A novel mechanism for regulation of vacuolar acidification.

We have recently demonstrated that Cys-254 of the 73-kDa A subunit of the clathrin-coated vesicle (H+)-ATPase is responsible for sensitivity of the enzyme to sulfhydryl reagents (Feng, Y., and Forgac, M. (1992) J. Biol. Chem. 267, 5817-5822). In the present study we observe that for the purified enzyme, disulfide bond formation causes inactivation of proton transport which is reversed by dithiothreitol (DTT). DTT also restores activity of the oxidized enzyme following treatment with N-ethylmaleimide (NEM).
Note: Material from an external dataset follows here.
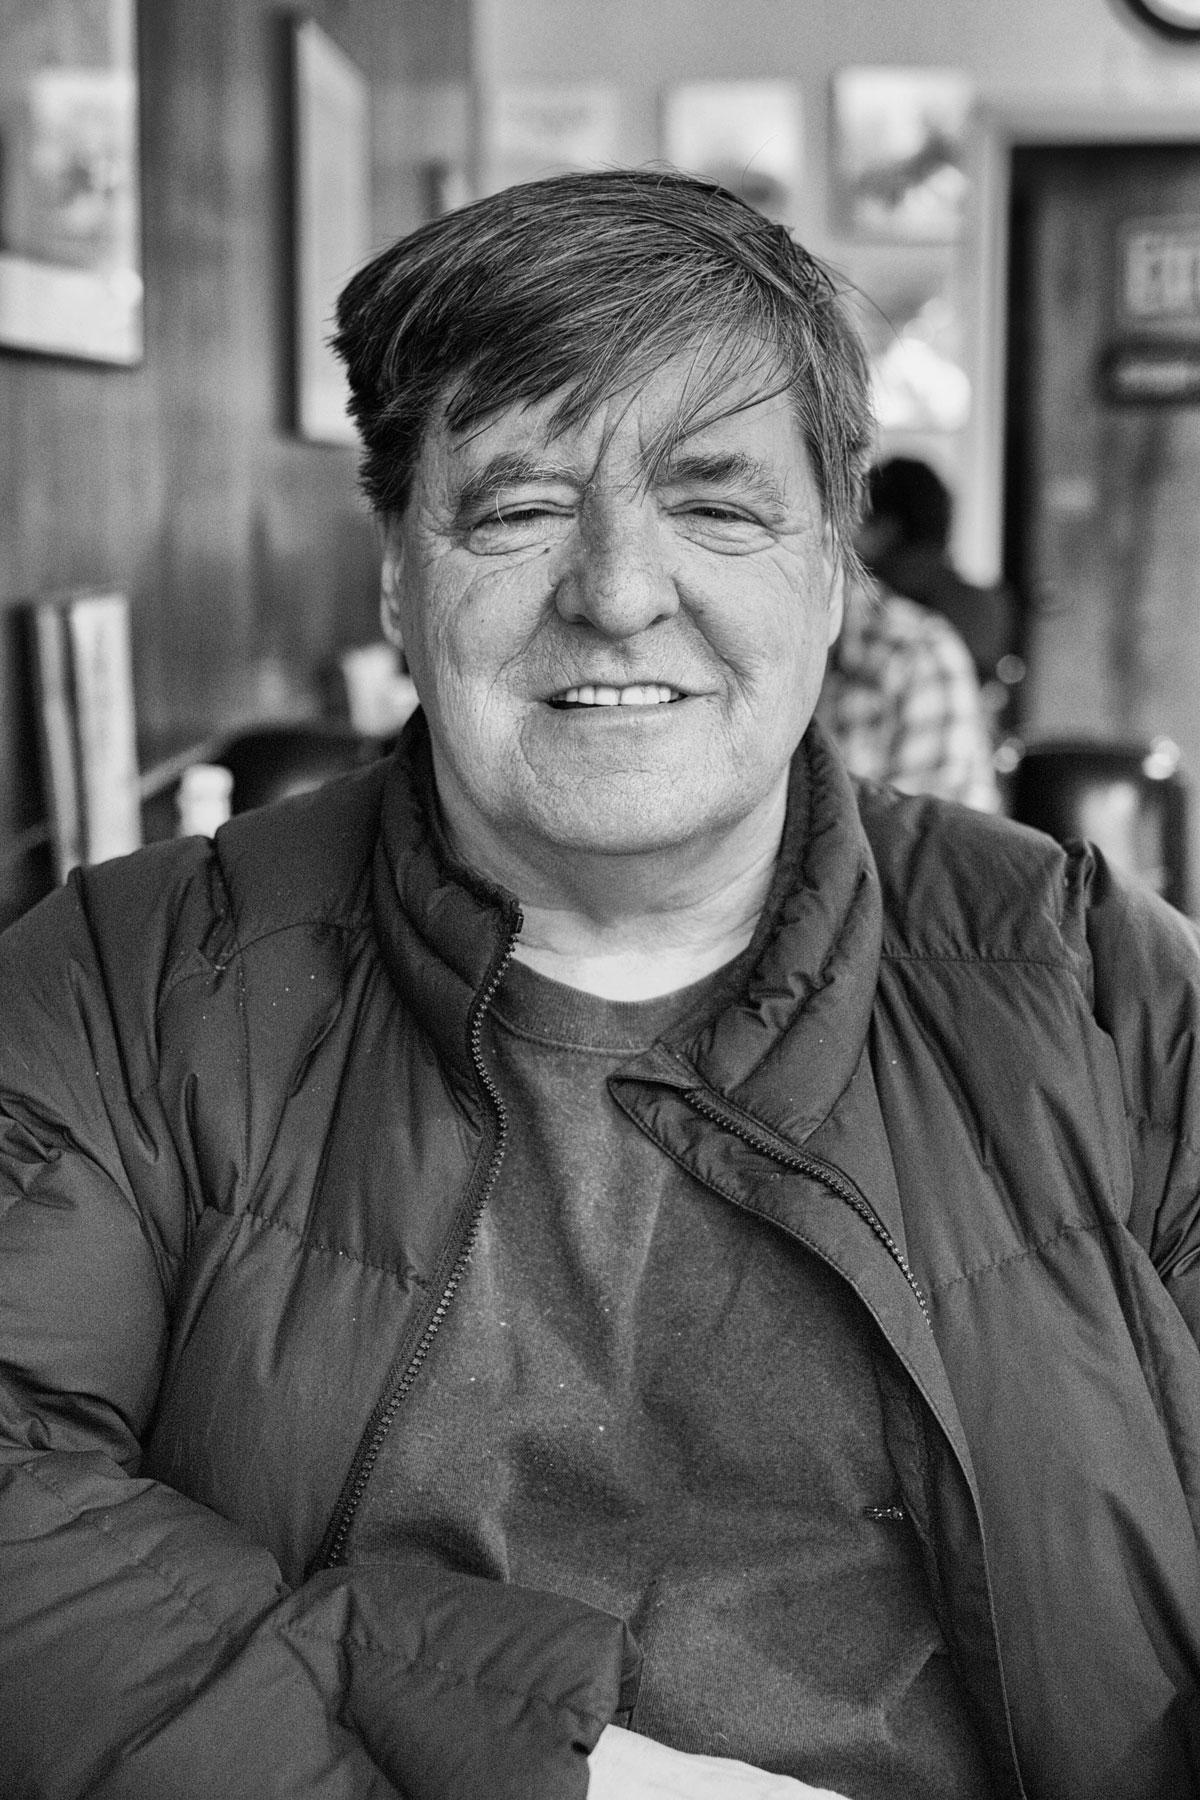 Kevin Killian at Jim's on Mission Street, 2012.

These results indicate that disulfide bond formation between the NEM-reactive cysteine (Cys-254) and a closely proximal cysteine residue leads to inactivation of the (H+)-ATPase. To test whether sulfhydryl-disulfide bond interchange may play a role in regulating vacuolar acidification in vivo, we have determined what fraction of the (H+)-ATPase is disulfide-bonded in native clathrin-coated vesicles. Vesicles were isolated under conditions that prevent any change in the oxidation state of the sulfhydryl groups. NEM treatment of vesicles causes nearly complete loss of activity while subsequent treatment with DTT restores 50% of the activity of the fully reduced vesicles. By contrast, treatment of fully reduced vesicles with NEM leads to inactivation which is not reversed by DTT. These results indicate that a significant fraction of the clathrin-coated vesicle (H+)-ATPase exists in an inactive, disulfide-bonded state and suggest that sulfhydryl-disulfide bond interconversion may play a role in controlling vacuolar (H+)-ATPase (V-ATPase) activity in vivo.